Das grundlegende Programm wirksamer inklusiver Bildung wird im wissenschaftlichen Programm der „evidenzbasierten Praxis“ fassbar (Gable et al., 2012; Hillenbrand, 2015; Nußbeck, 2007). Der Begriff „evidence based“ gilt als Qualitätskriterium wirksamer Maßnahmen, sei es in pädagogischen, psychologischen oder medizinischen Kontexten. Es „ist der gewissenhafte, ausdrückliche und vernünftige Gebrauch der gegenwärtig besten externen, wissenschaftlichen Evidenz für Entscheidungen in der medizinischen Versorgung individueller Patienten. Die Praxis der EbM bedeutet die Integration individueller klinischer Expertise mit der bestverfügbaren externen Evidenz aus systematischer Forschung“ (Sackett et al. 1997, S. 644). Auf pädagogisches und sonderpädagogisches Handeln transferiert (Odom et al., 2005) meint dieser Ansatz, die an den Praxisbedingungen orientierte Verbindung von professioneller Analyse der Situation mit Maßnahmen, deren Wirksamkeit durch anspruchsvolle wissenschaftliche Forschung belegt wurde (Grünke, 2006; Hillenbrand, 2014; Nußbeck, 2007; Walter, 2002).

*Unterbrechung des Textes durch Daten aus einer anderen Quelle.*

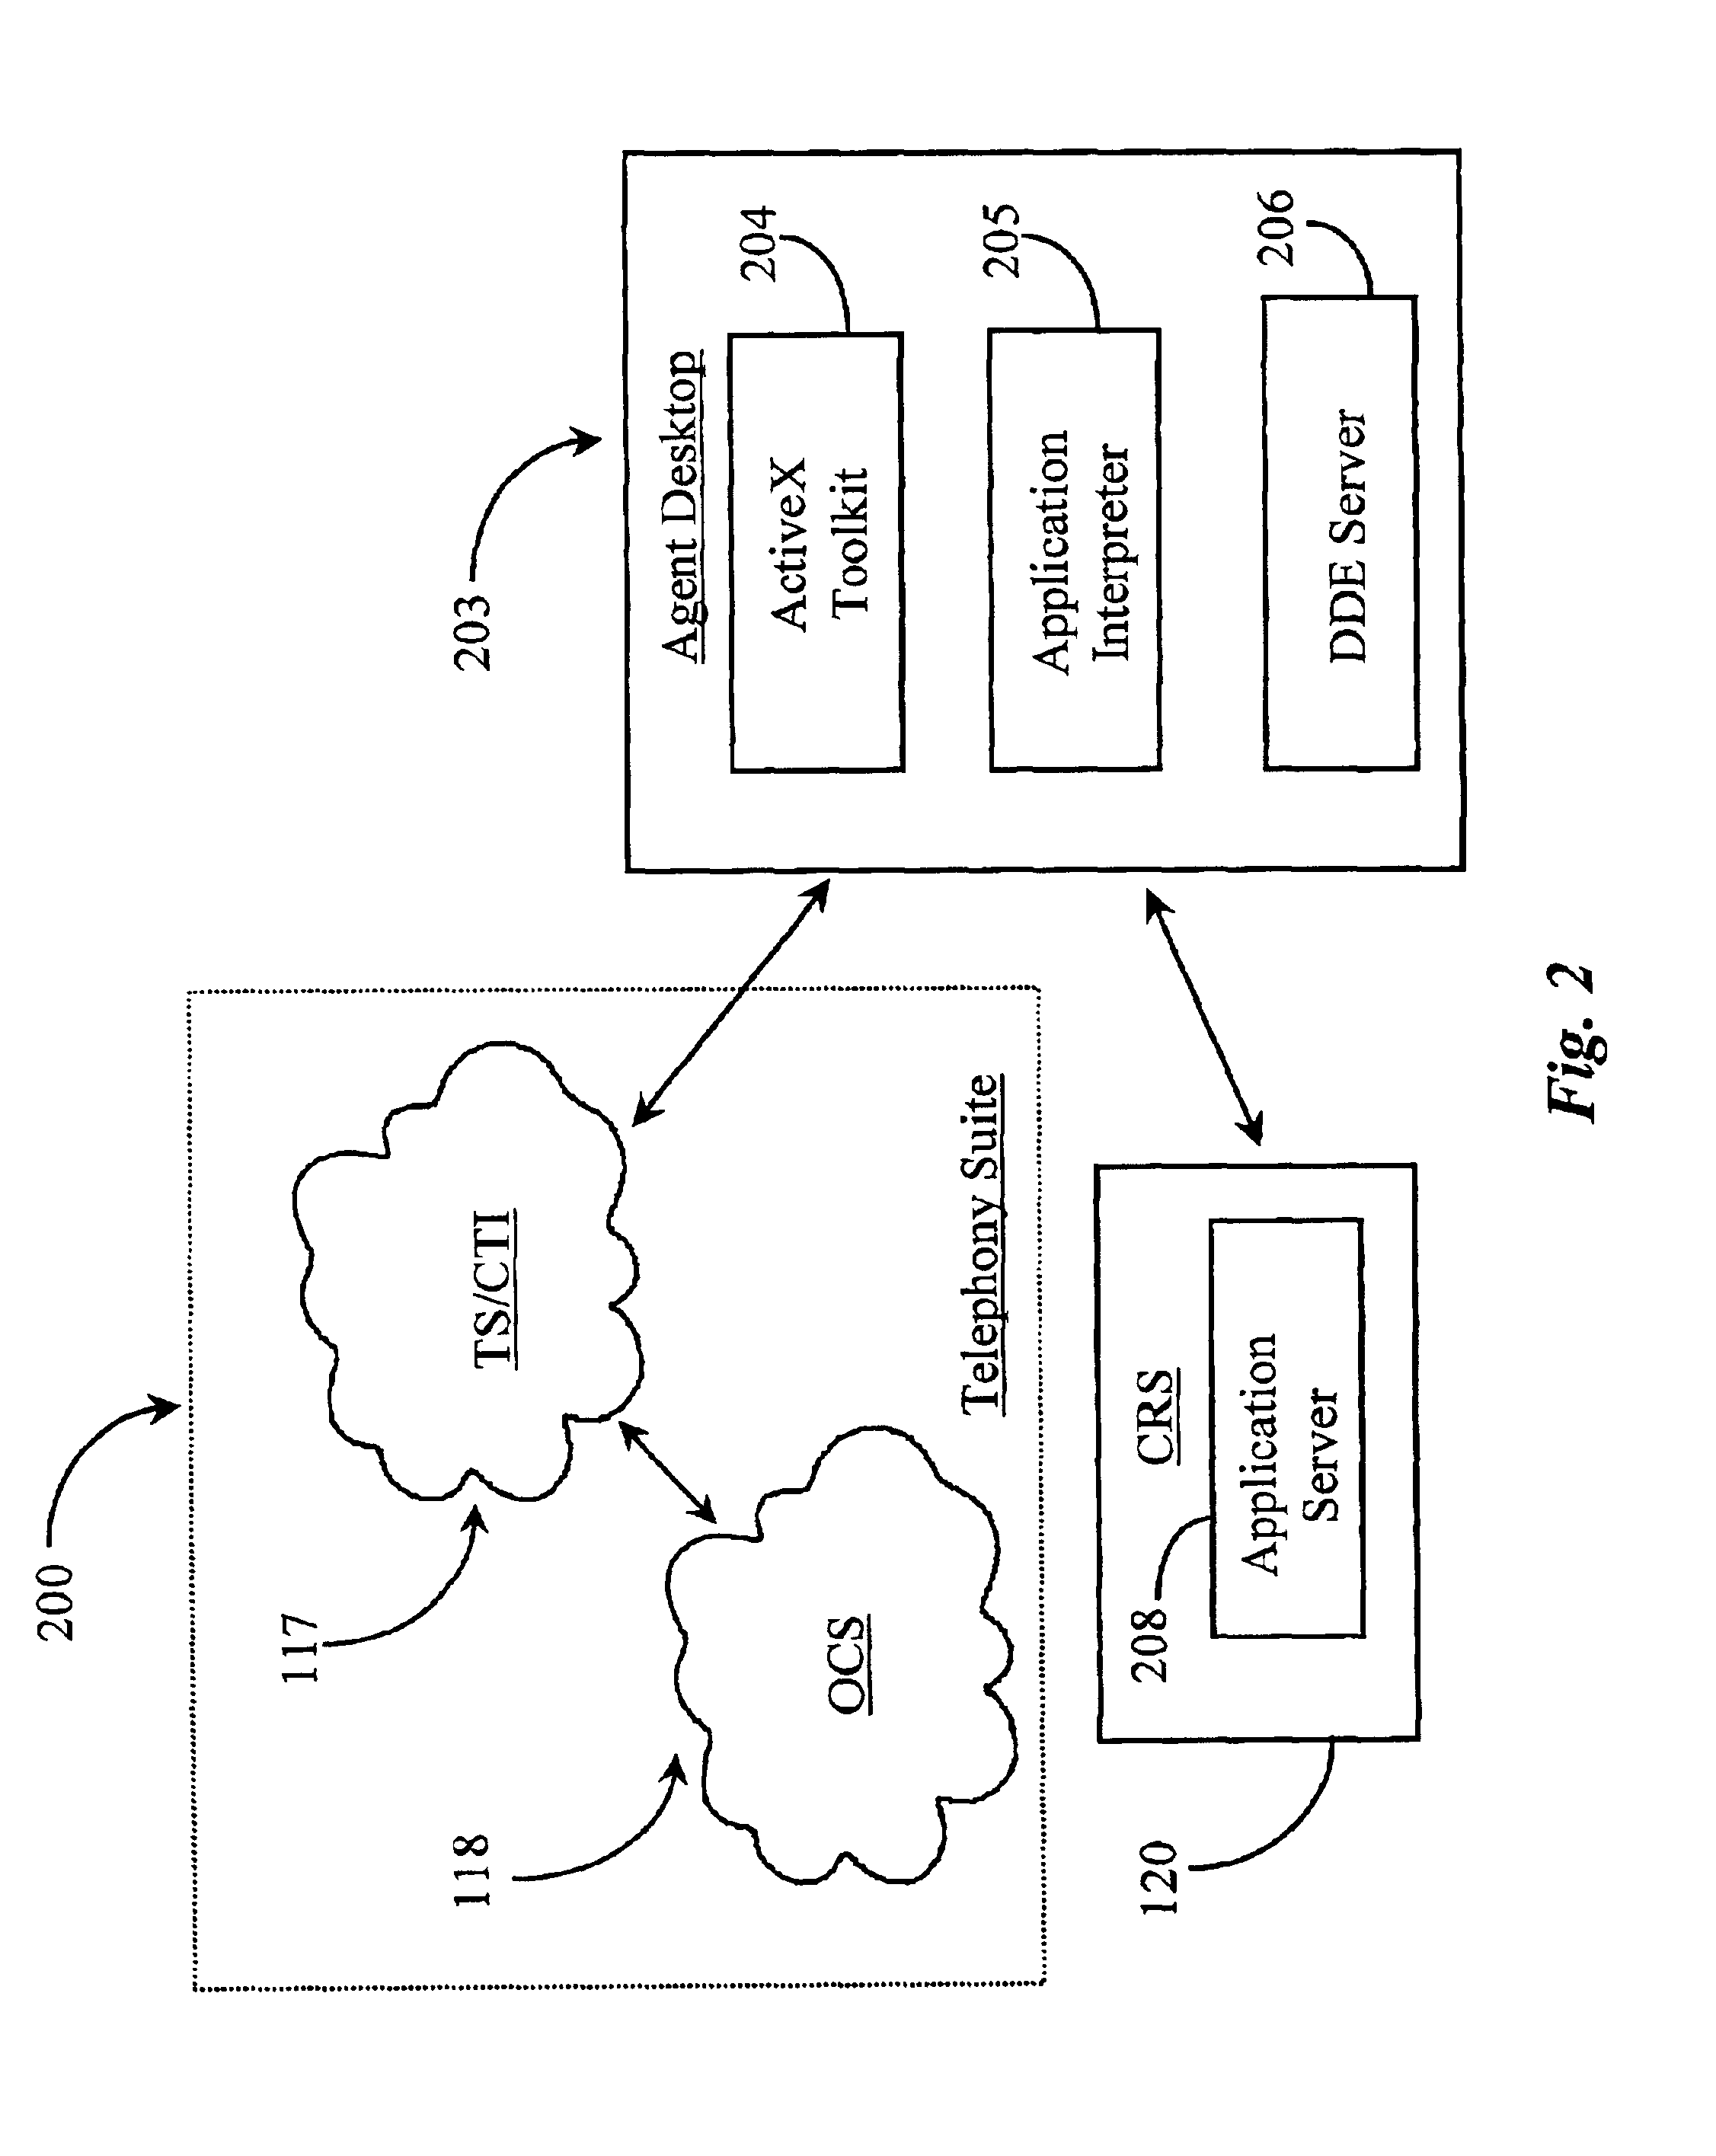 Method and apparatus for building communication between agent desktop scripting applications and an outbound call software suite within a telecommunications center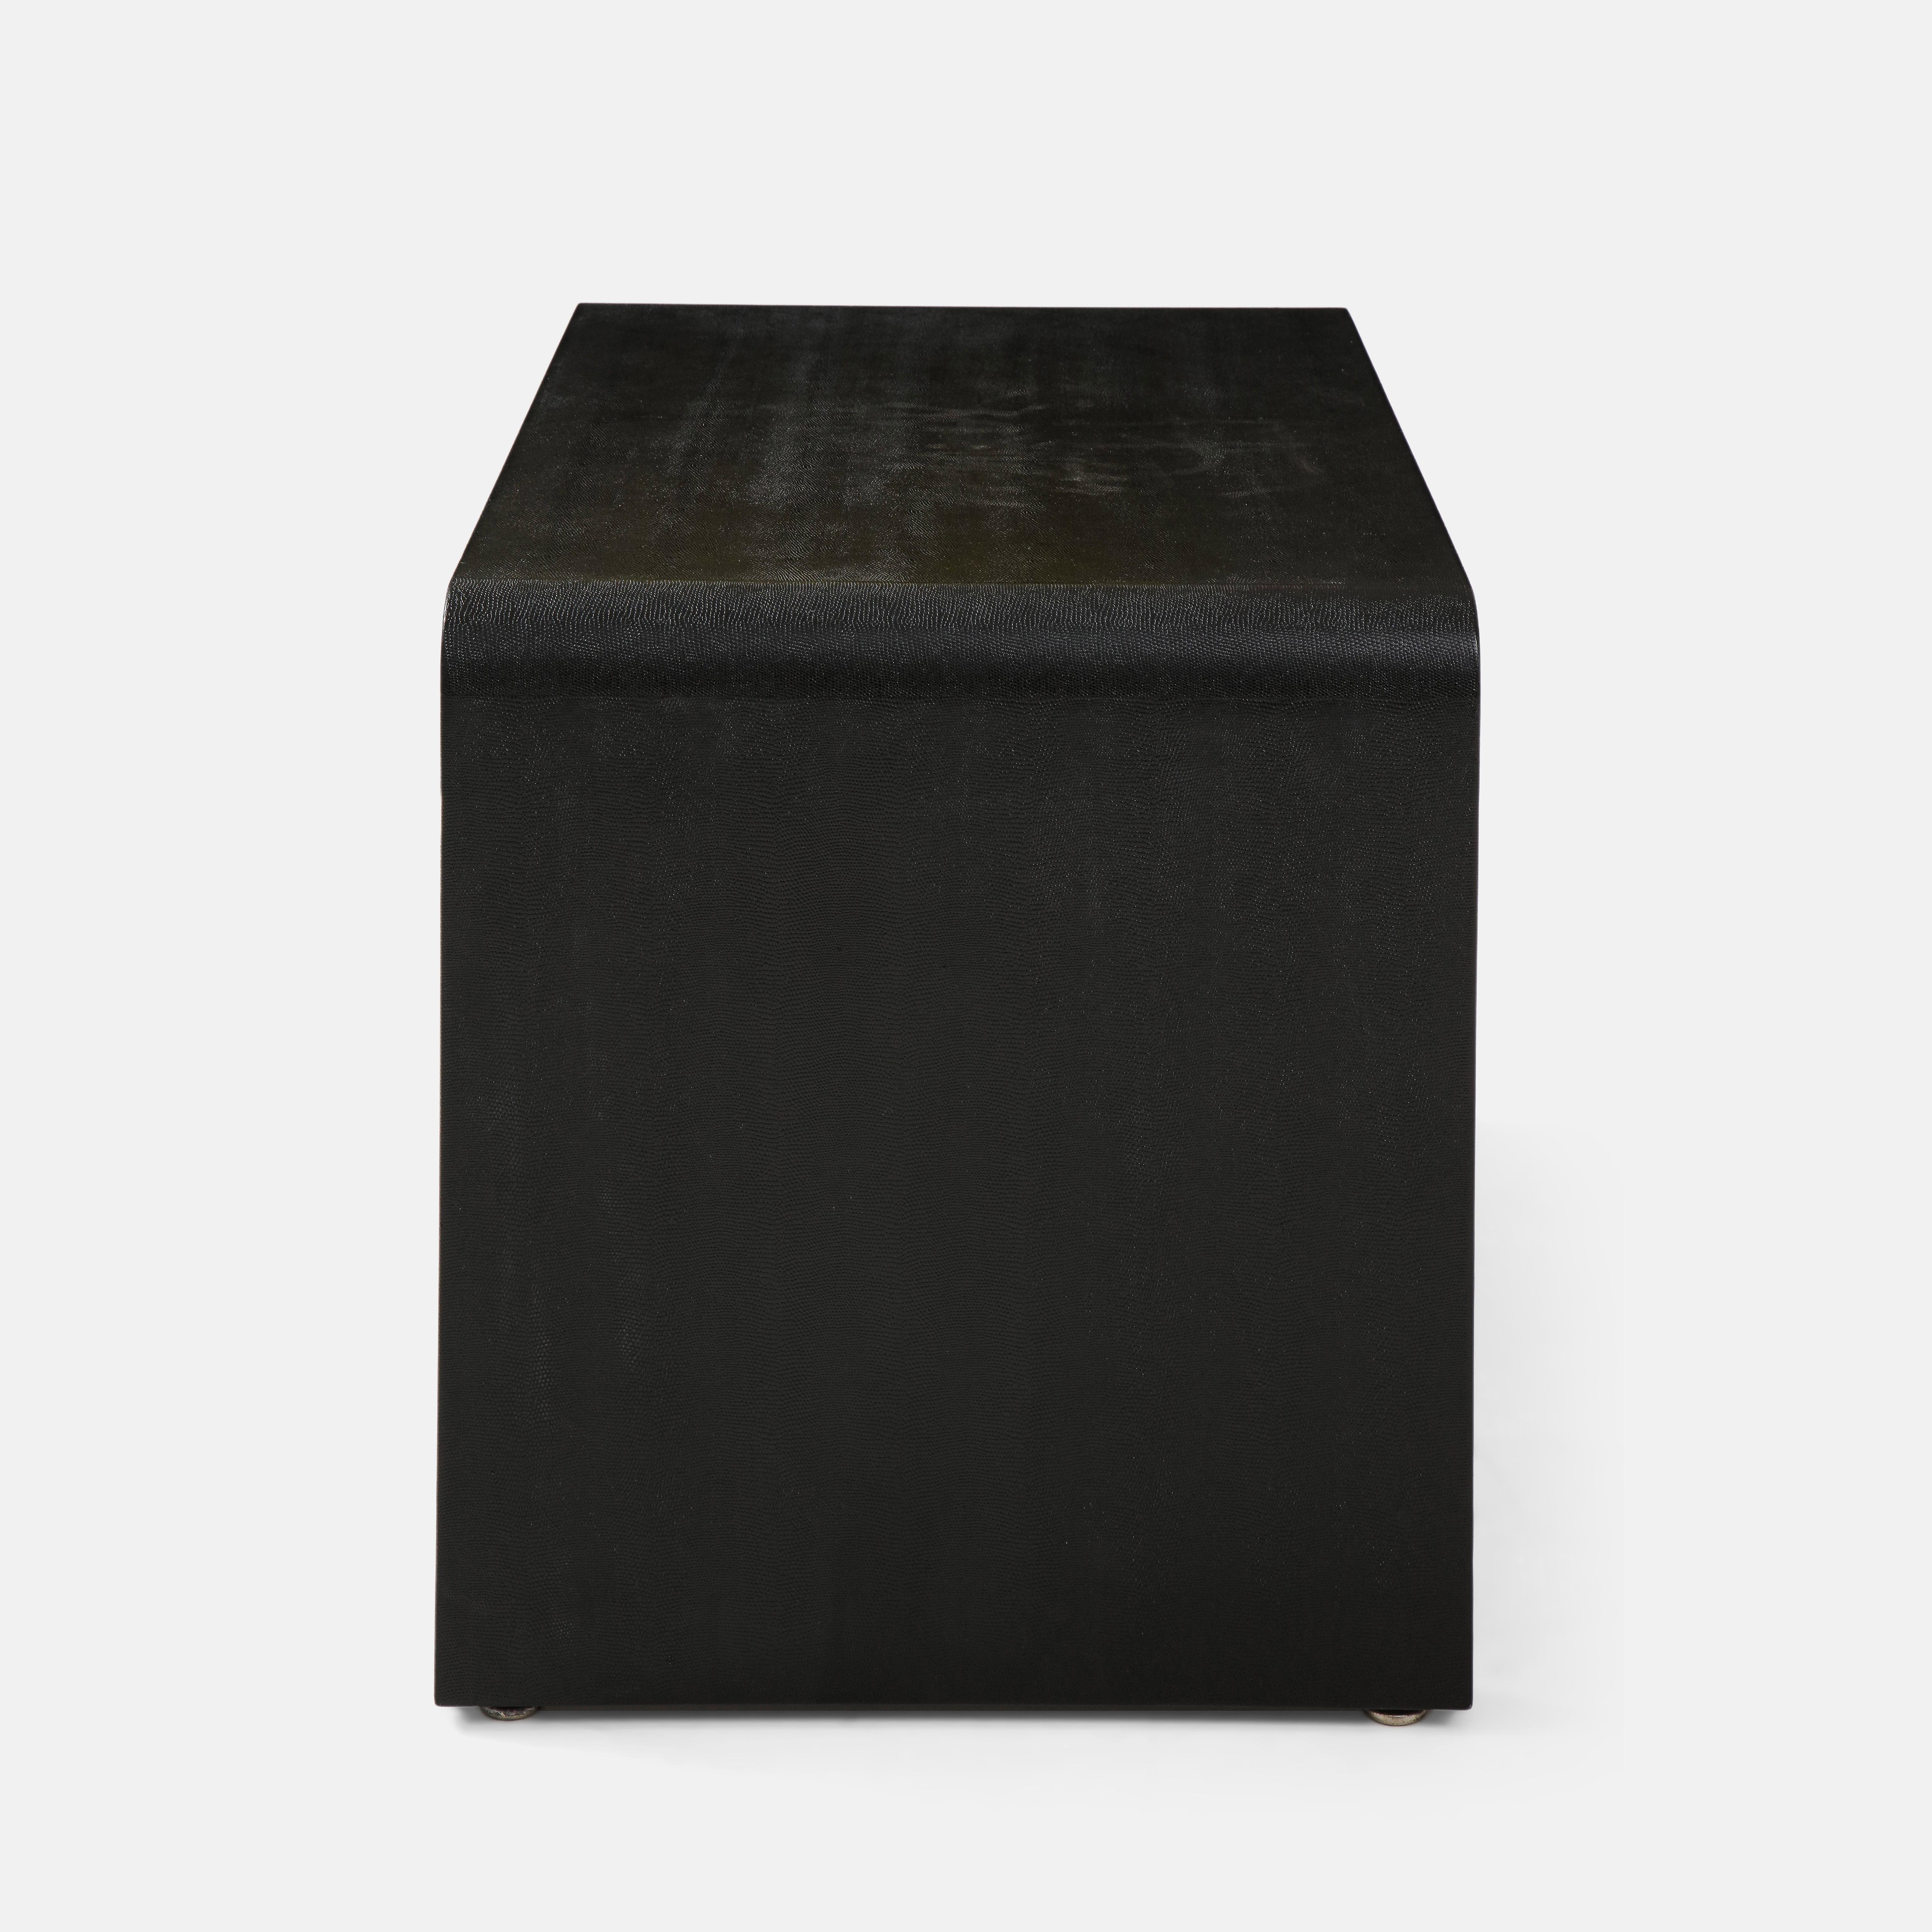 Karl Springer Rare Pair of Large Waterfall Side Tables in Black Lizard Leather In Good Condition For Sale In New York, NY

Legt man diese Kriterien an pädagogisches und sonderpädagogisches Handeln an, dann werden zahlreiche Maßnahmen, die als gute Praxis gelten, fragwürdig. Viele Verfahren wurden bisher nicht wissenschaftlich evaluiert, bei anderen belegen Studien das Fehlen der Wirksamkeit, so schon Walter (2002). Das Wissen von (angehenden) Lehrkräften, auch der Sonderpädagogik, über die Wirksamkeit von Maßnahmen ist sehr eingeschränkt (Grosche & Grünke, 2008, Runow & Borchert, 2003), obwohl es wertvolle Chancen für die erfolgreiche Bewältigung von Aufgaben inklusiver Bildung bietet (Gable et al., 2012). Aufgrund der wissenschaftlichen Bemühungen in den letzten Jahren bestehen inzwischen auch im deutschen Sprachraum sehr gute Informationsmöglichkeiten, die einen fundierten Überblick wirksamer Verfahren bieten (Gold, 2011; Grüne Liste Prävention; Grünke, 2006; Hattie, 2013, 2014; Walter, 2002; Wember, 2015). An den zentralen Bereichen der Unterstützung bei Lern- und Verhaltensschwierigkeiten können die grundlegend wirksamen Ansätze knapp skizziert werden.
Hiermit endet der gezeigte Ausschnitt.